We get caught up with the Dad’s abundant generosity,
either with appreciation for it
or discomfort that the youngest son
is getting away with something.
But the story is not over.
While the Dad welcomes the youngest son back,
he welcomes the oldest son in.
The Dad reaches across the angry,
bitter resentment of hurt and indignation
and invites the oldest son to stay connected.
Basically, the Dad says to the oldest son,
“What’s mine is yours…”
The extravagant love of the father
is extended to both his sons
with unbelievable excessiveness.
His love is not predicated
on any particular choice
either son makes.
Be they good, bad, or ugly choices
the love remains.
Now who loves like that?
Love not connected to the choices we make?
Love not tied to a string
at the other end of a condition?
Love centered in something utterly differentiated
from the actions of the person being loved?
Who loves like that?
Those of us who have been raised
on the peanut butter and jelly sandwiches
of popular Christianity,
get smug about the Prodigal Son story
as if such extravagant love
is a unique characteristic of our religion.
It is like that awful camp song:
“They will know we are Christians by our love”
as if we love better
or differently than any other religion.
But centuries before Jesus was a gleam
in Joseph’s and Mary’s eyes,
God took the hand of a people
who had been used as mules
and brought them through the scorching desert,
and set them around a dinner table
on the Plains of Jericho
and fed them.
Here is where the two biblical stories we heard today
come together.
All the way along Israel’s ordeal –
escaping from the slave masters,
surviving wilderness,
living through anxiety and fear,
rebellion and chaos and isolation,
God fed them with a mysterious
and apparently natural y-formed substance
to keep them alive.
Manna, the sweet-bread of wilderness survival.
We heard today in Joshua,
that having crossed the Jordan River,
which throughout the Bible is always the boundary
between Wilderness and Promise,
God gives them a Passover Meal.
After that Passover Meal, manna disappears forever.
It cannot be a coincidence
that there is no Manna in the Promise Land.

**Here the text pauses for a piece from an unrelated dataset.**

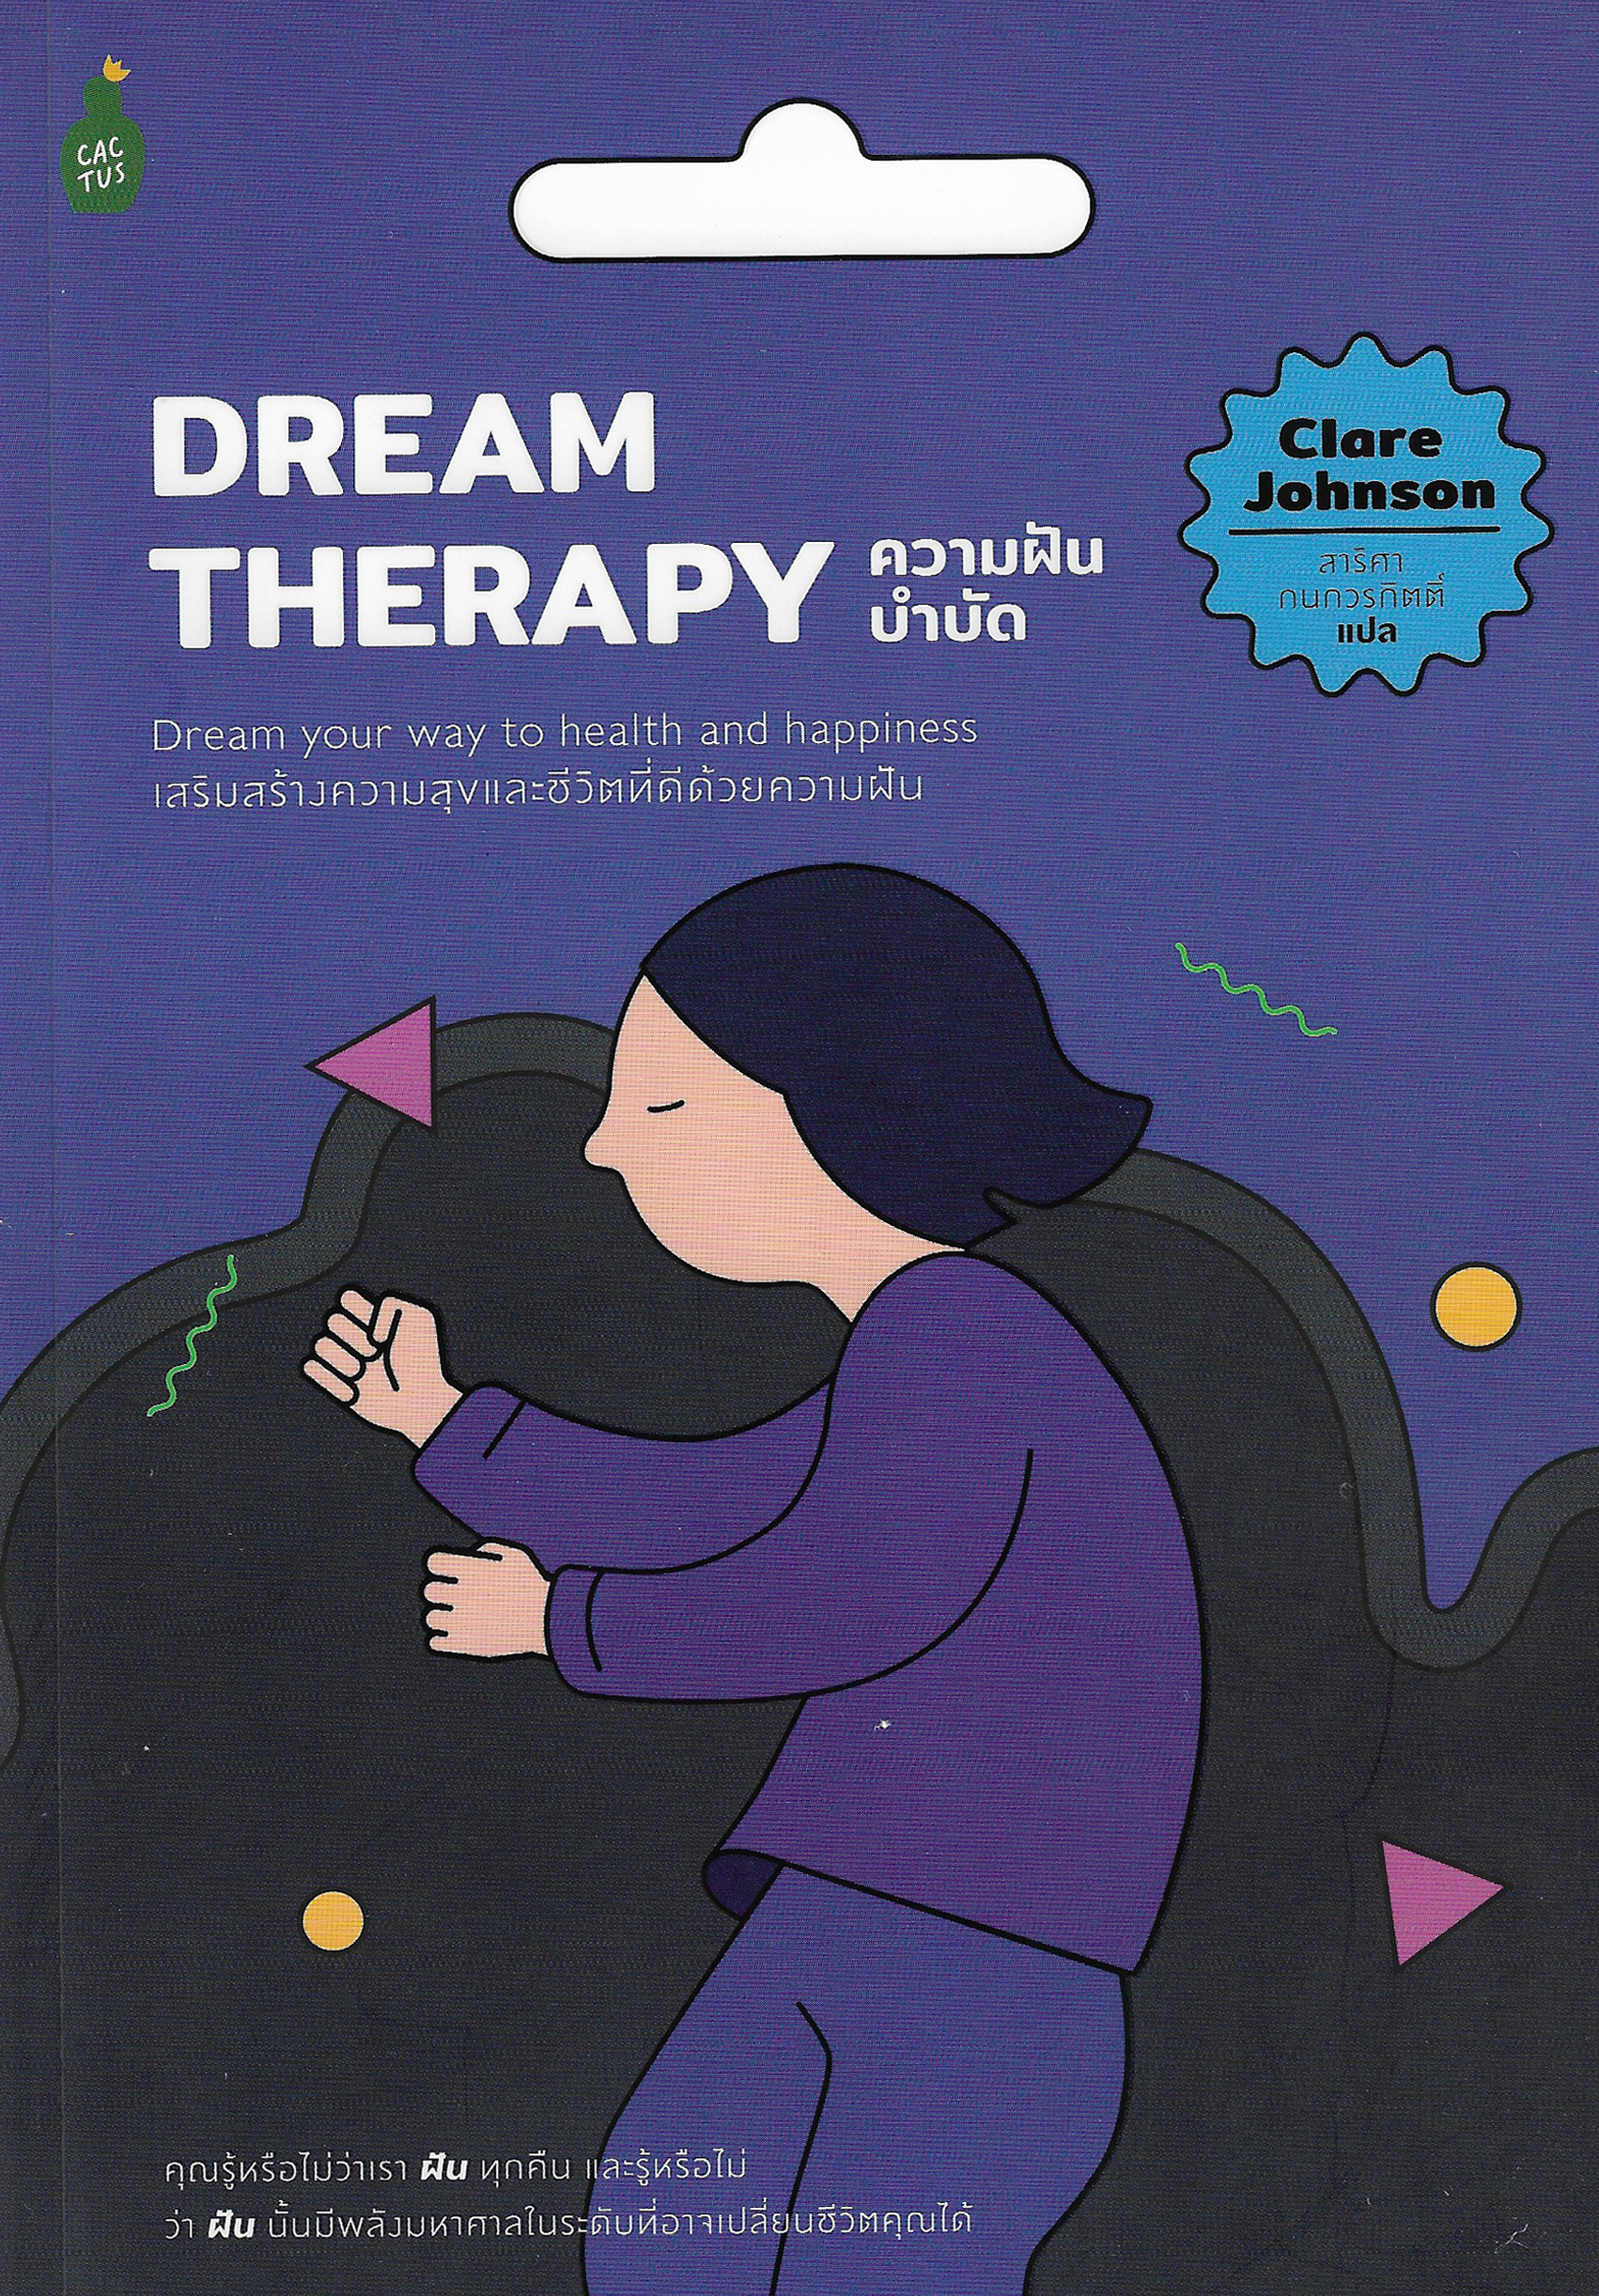 Dream Therapy ความฝันบำบัด / Clare Johnson เขียน สาริศา กนกวรกิตติ์ แปล / Cactus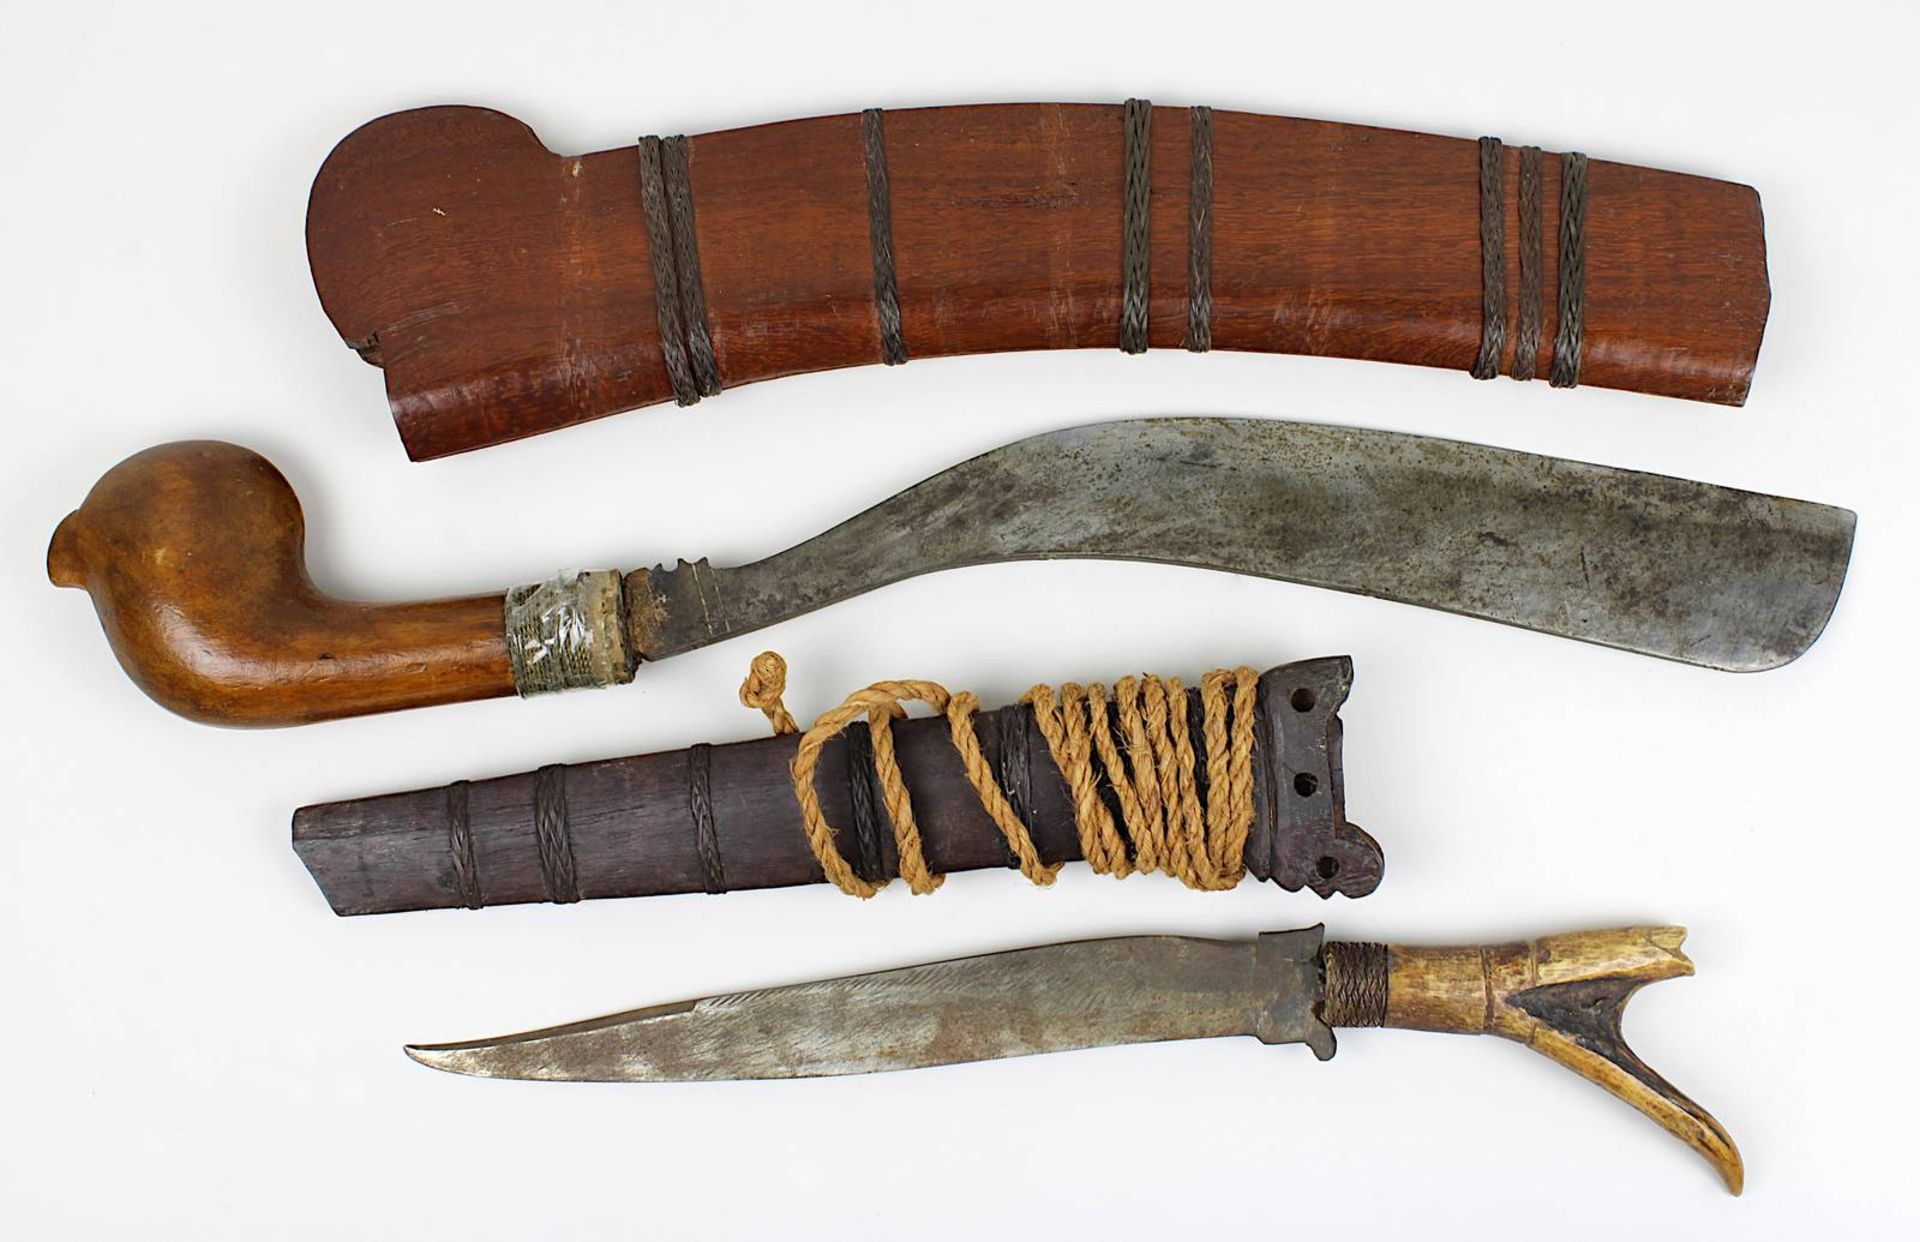 Indonesische Parang-Machete und Messer mit Griff aus Geweih: Parang mit geschweifter Klinge (leichte

That’s the punch line of that story:
There is no Manna in the Promise Land.
Manna is what sustains us
when we don’t have choices —
when we are powerless.
In those unusual times
when we find ourselves on a bobsled chute
going down a fast course
that God
or fate
or serendipity
or randomness
seems to have shoved us into,
the Exodus/Joshua story
says that God takes some responsibility
to sustain us with manna.
In such hazardous or traumatic times
manna may turn out to be actual bread
or emotional nurture
or a community of people who hold us up
or a power greater than ourselves
we don’t perceive or know about until later…
In such times,
and I know we have all had them,
we almost never realize
we are being sustained with manna
until afterwards.
It is when we look back
and suddenly realize
we could have never made on our own.
But the Exodus/Joshua story says out loud,
that when we get to the Promise Land –
or as in the story of the Parent with Two Children,
when we “come to our senses” –
it is then that we must start living again
by our own choices
and it is then that the manna ceases.
Now a lot of Christians say things like,
“put God in the drivers seat”
even though God doesn’t have a driver’s license.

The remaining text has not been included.